La prise en charge totale

L'homme qui ne se résout pas à admettre l'absurdité de cette situation coronavirienne est qualifié de complotiste, de sectaire, d'antivaccin et pire, d'assassin.

Voilà le monde qu'on a voulu en élisant "ces gens qui nous veulent du bien", et qui font tout pour votre bien en vous promettant que si vous vous laissez prendre en charge, vous serez heureux.

L'êtes-vous ?

Impossible.

On est heureux quand on se sent vivant. On est vivant quand on est en mouvement, quand on résout des situations difficiles, par nous-mêmes, quand on affronte nos peurs, quand on côtoie d'autres êtres humains, quand on construit un couple, une maison, une entreprise, un projet, bref, quand on passe outre les obstacles que la vie ne manque pas de poser devant nous. C'est cela la vie. 

Ce n'est en aucun cas ce que nous subissons aujourd'hui.

L'être humain ne se libérera de ses entraves qu'à partir du moment où il refusera d'être catégorisé et qu'il arrêtera de suivre la ligne directrice de n'importe quel parti comme le fait n'importe quel intégriste religieux. 
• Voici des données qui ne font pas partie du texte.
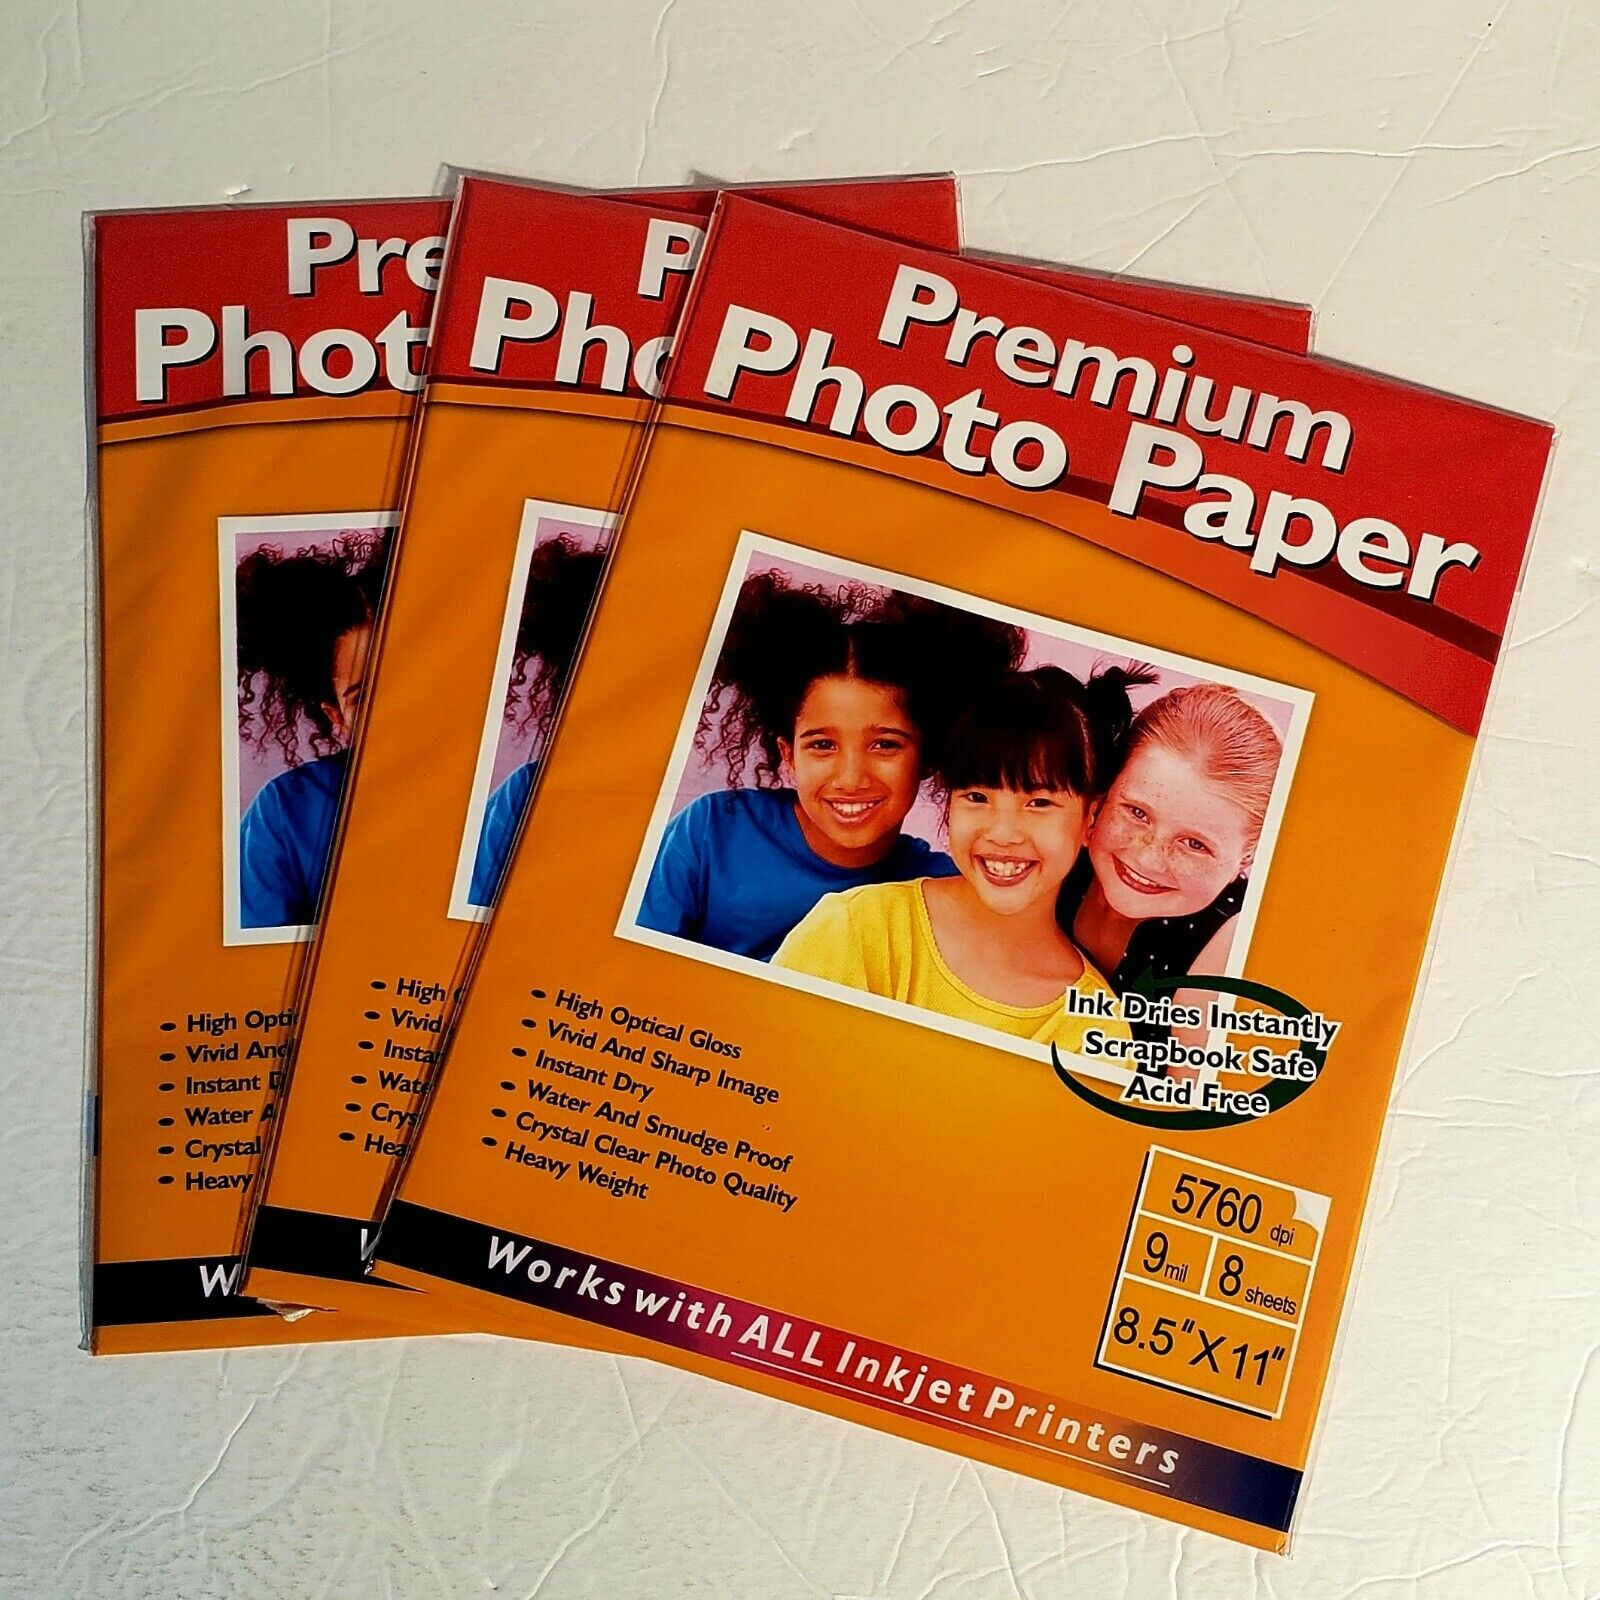 Premium Photo Paper High Optical Gloss 8 Sheets 8.5

Cela parait étrange de dire cela après avoir parlé des leviers utilisés par l'industrie pharmaceutique mais j'ai une bonne raison. La maladie occasionne systématiquement la peur de la mort. Le médicament représente la prise en charge de la société pour soulager chacun de cette peur. Pourtant, nous allons tous mourir, tous, sans exception. 
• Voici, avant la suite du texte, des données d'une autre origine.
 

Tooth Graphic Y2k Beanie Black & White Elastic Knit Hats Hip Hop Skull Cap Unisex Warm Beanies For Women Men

Nous ne vivons plus pour construire notre vie en affrontant et en acceptant la fatalité de la mort.

Nous sommes devenus des morts vivants. 

Avez-vous remarqué quelque chose ?

Pendant que nous nous terrons chez nous ou que nous pleurons pour avoir l'autorisation d'aller boire un coup au bistrot du coin, tous les dirigeants du monde se sont mis d'accord sur les mêmes mesures prises en même temps. D'habitude, ils sont si prompts à s'entredéchirer par médias interposés voire par armées interposées. Là ? Non. Ils sont tous tombés d'accord pour entraver leurs populations. En même temps. Pour un virus qui a tué 0,06% de la population...

Pendant que les gens de gauche, de droite, du centre et des extrêmes s'entredéchirent, eux, ceux qui savent mieux que les autres, ont formé une sorte de pouvoir mondial qui a pris la même direction, en même temps, j'insiste, avec les mêmes mesures en outrepassant leurs bords politiques si tant est que ces bords existent vraiment dans leurs esprits.
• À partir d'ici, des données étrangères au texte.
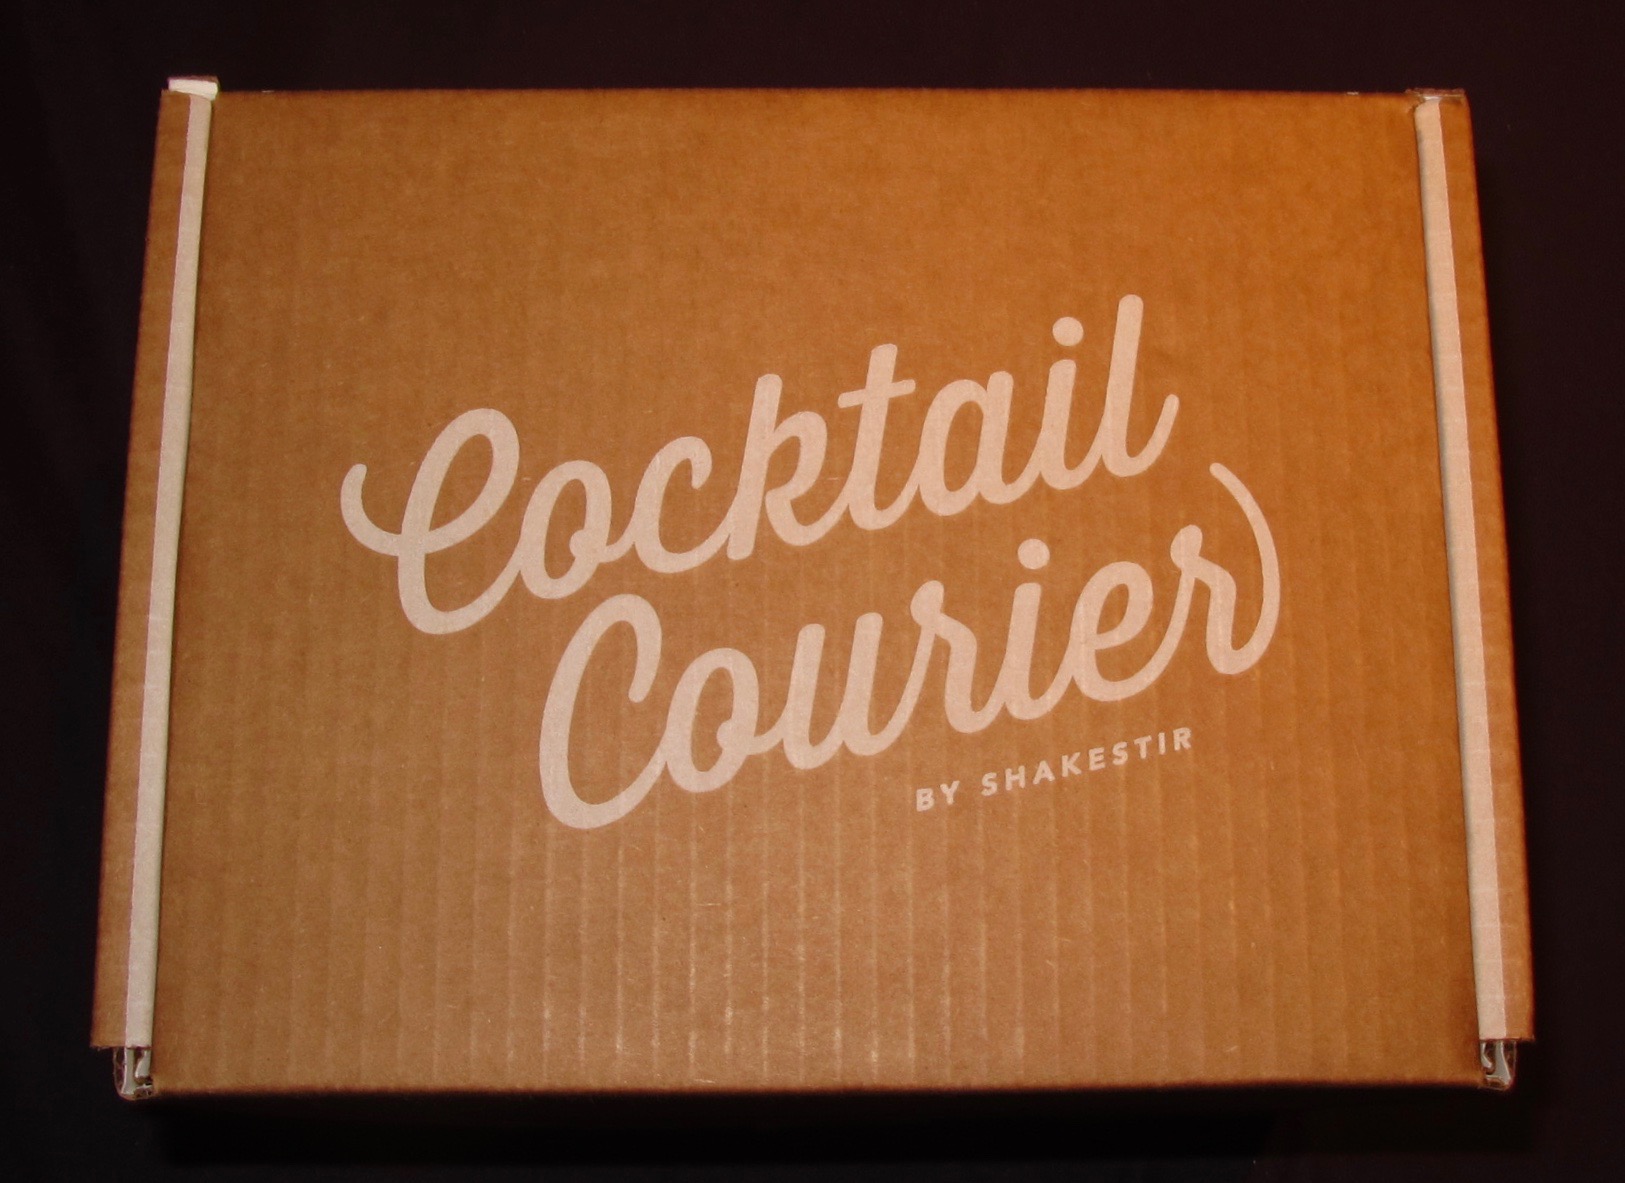 cocktailcourierbox

Je dois probablement être complotiste mais j'ai beau chercher un moment dans l'histoire où c'est arrivé, je n'en connais pas.

Alors oui, j'ose affirmer que le (la) covid 19 est un prétexte sur lequel beaucoup ont sauté pour mettre en place un pouvoir mondial que la technologie actuelle a les moyens de maintenir en place.

Et tout cela au nom de votre bien.

Si vous voulez mon avis, ou pas d'ailleurs, nous n'en sommes qu'au début.